Imprisonment is to keep people moving along, or deter them from coming.

Housing is more expensive because of the opposite, it incentives everyone to come get it.

On a federal level, housing and healthcare might be cheaper than imprisonment. But what is even cheaper (in the short run) is ignoring it altogether.

>I personally don’t understand why the some exceptionally wealthy billionaire in California doesn’t solve the homelessness problem themselves, expending some mere fraction of their net worth (i.e., the value of a couple bucks to the rest of us).

Because the problem is far more expensive than any single billionaire or even group of billionaires entire net worth. Even if they could handle just California's population. there are 290M people in the rest of the country, and a significant portion who would not mind coming to California for free housing.

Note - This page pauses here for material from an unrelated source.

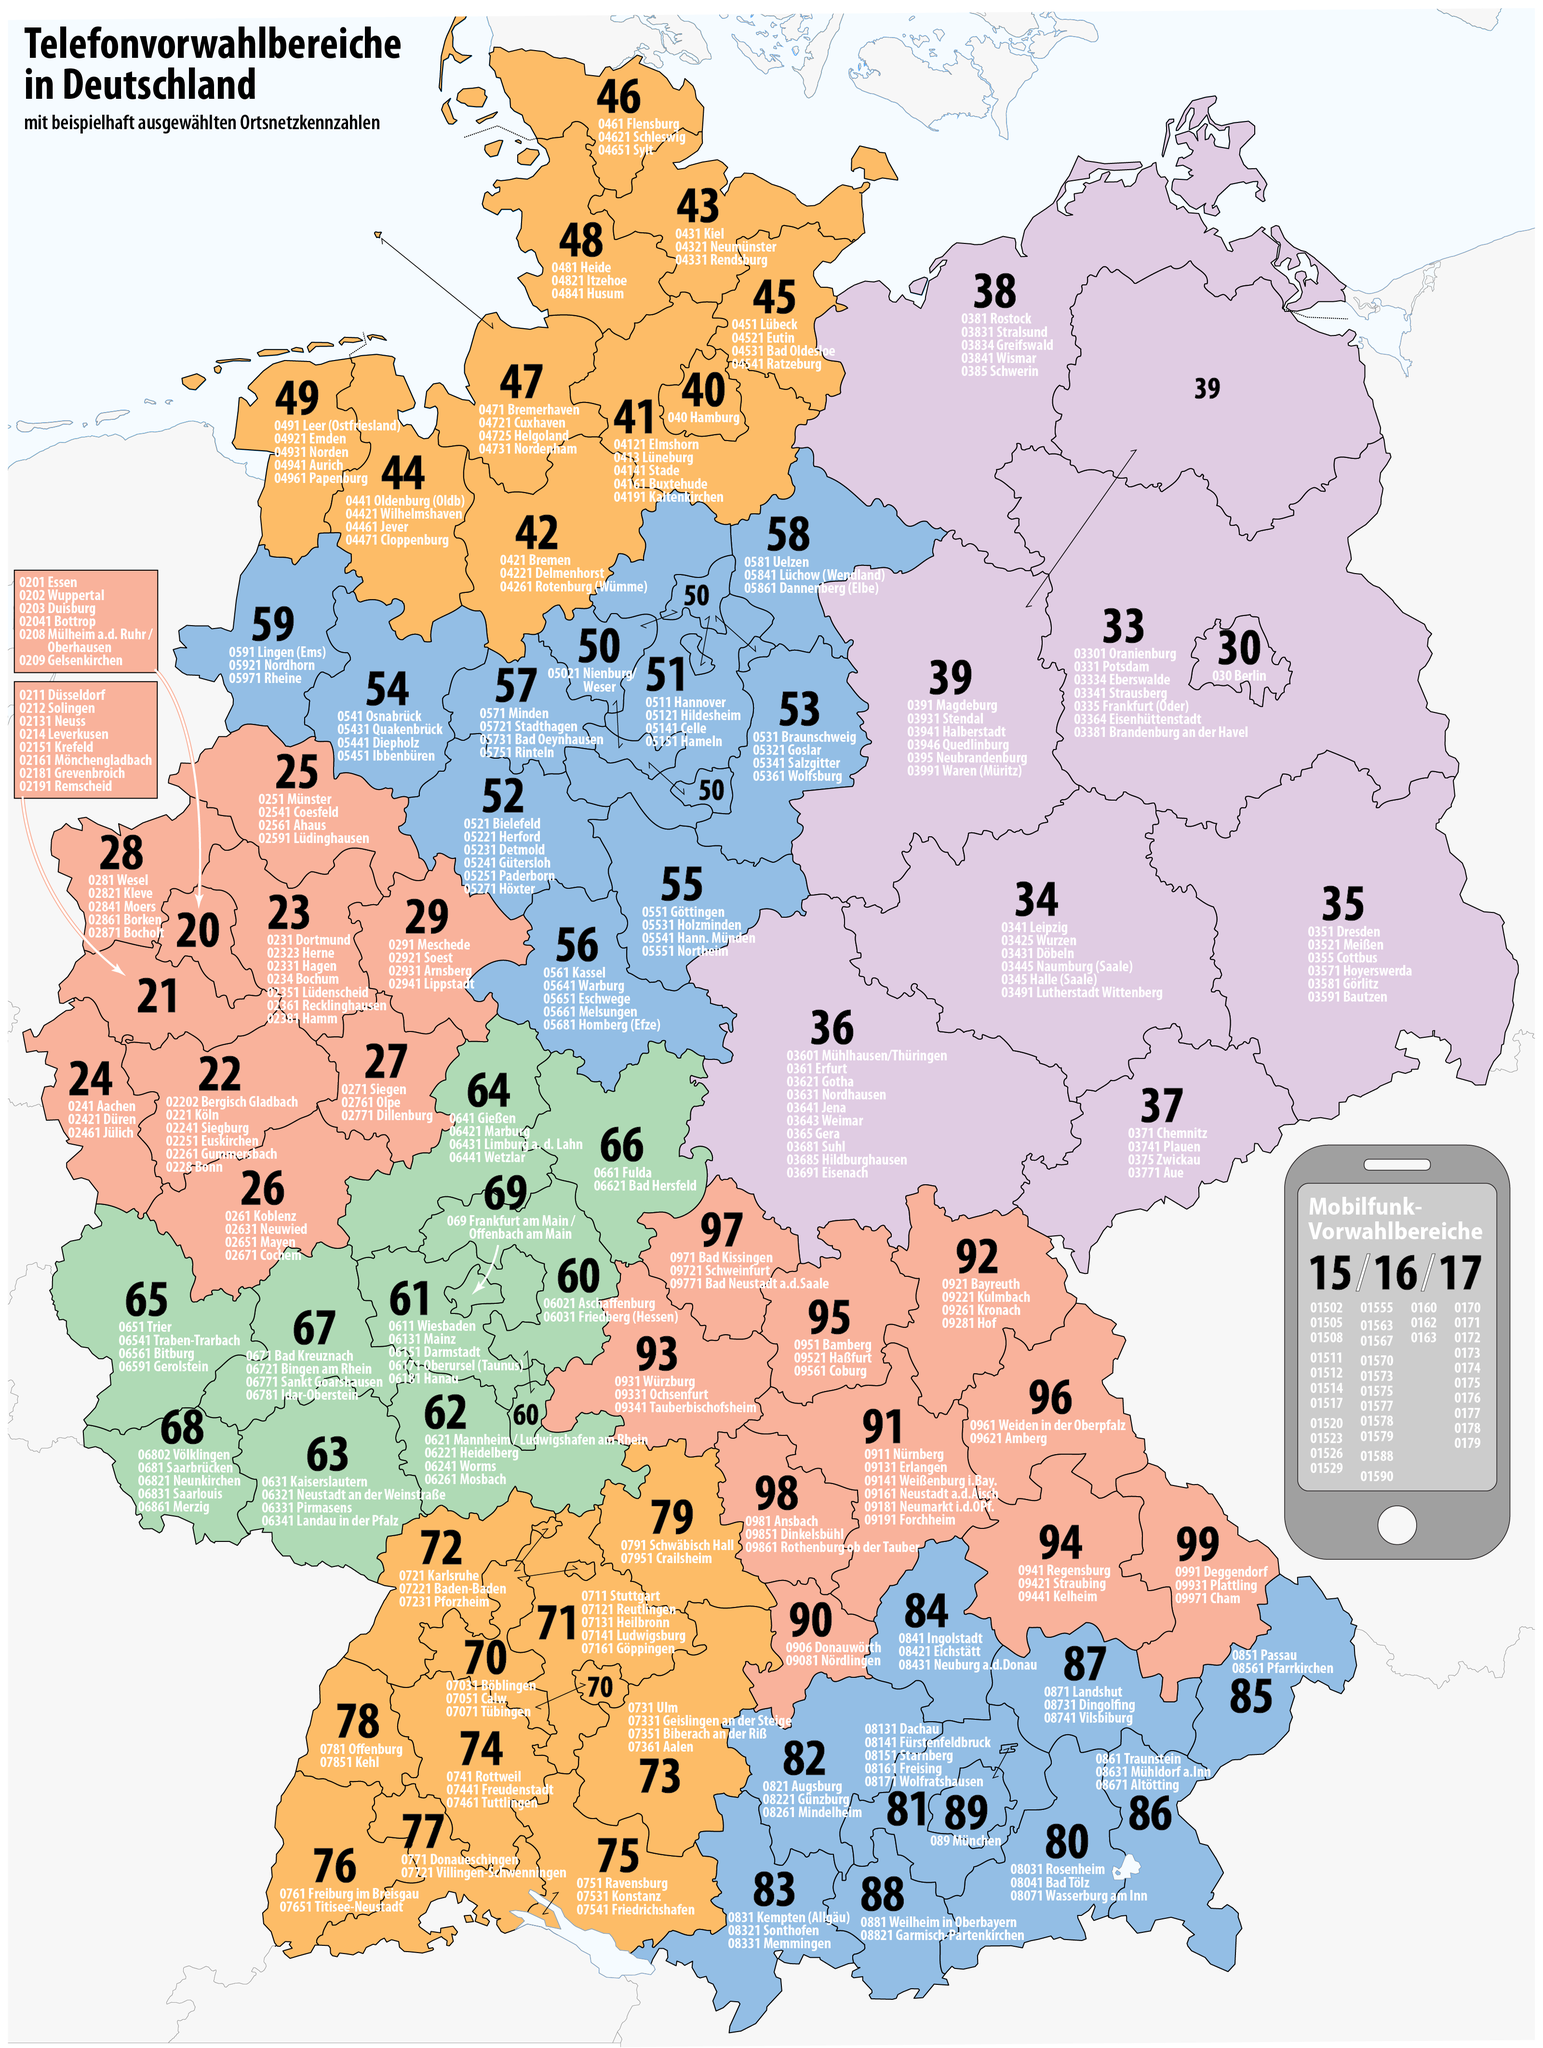 Vorwahl 06 (deutschland)

Here is SLC’s program, including all the community work they have to do to mollify the NIMBYs:

https://www.npr.org/2022/11/06/1134230388/village-salt-lake-...

Median rent in SLC: 1.8k/mo, 21.6k/yr

Federal prison: ~39k/yr

https://www.federalregister.gov/documents/2021/09/01/2021-18...

Median rent in CA: 2.9k/mo, 34.8k/yr (according to Zillow)

CA prison: 106k/yr (!)

https://lao.ca.gov/policyareas/cj/6_cj_inmatecost

Incarcerating the homeless is not an economic decision, it’s an emotional one. Society doesn’t mind wasting endless amounts of money doing it, because the cruelty is the point.

I feel like the induced demand portion of my argument is being ignored.

CA prison might be 3x expensive per year, but would CA be looking to house 3x or more people if they offered free housing?

All law enforcement is not economical in this approach, when you are pricing only immediate costs. E.g. prosecuting a murderer is a complete loss of hundreds of thousands dollars if not millions. And we are not even getting the victim back for all these money spent.
Murderers aren’t really representative of the homeless.

Bear in mind mere homelessness is not unequivocally a crime in the states, see Martin v. Boise (2020 or so).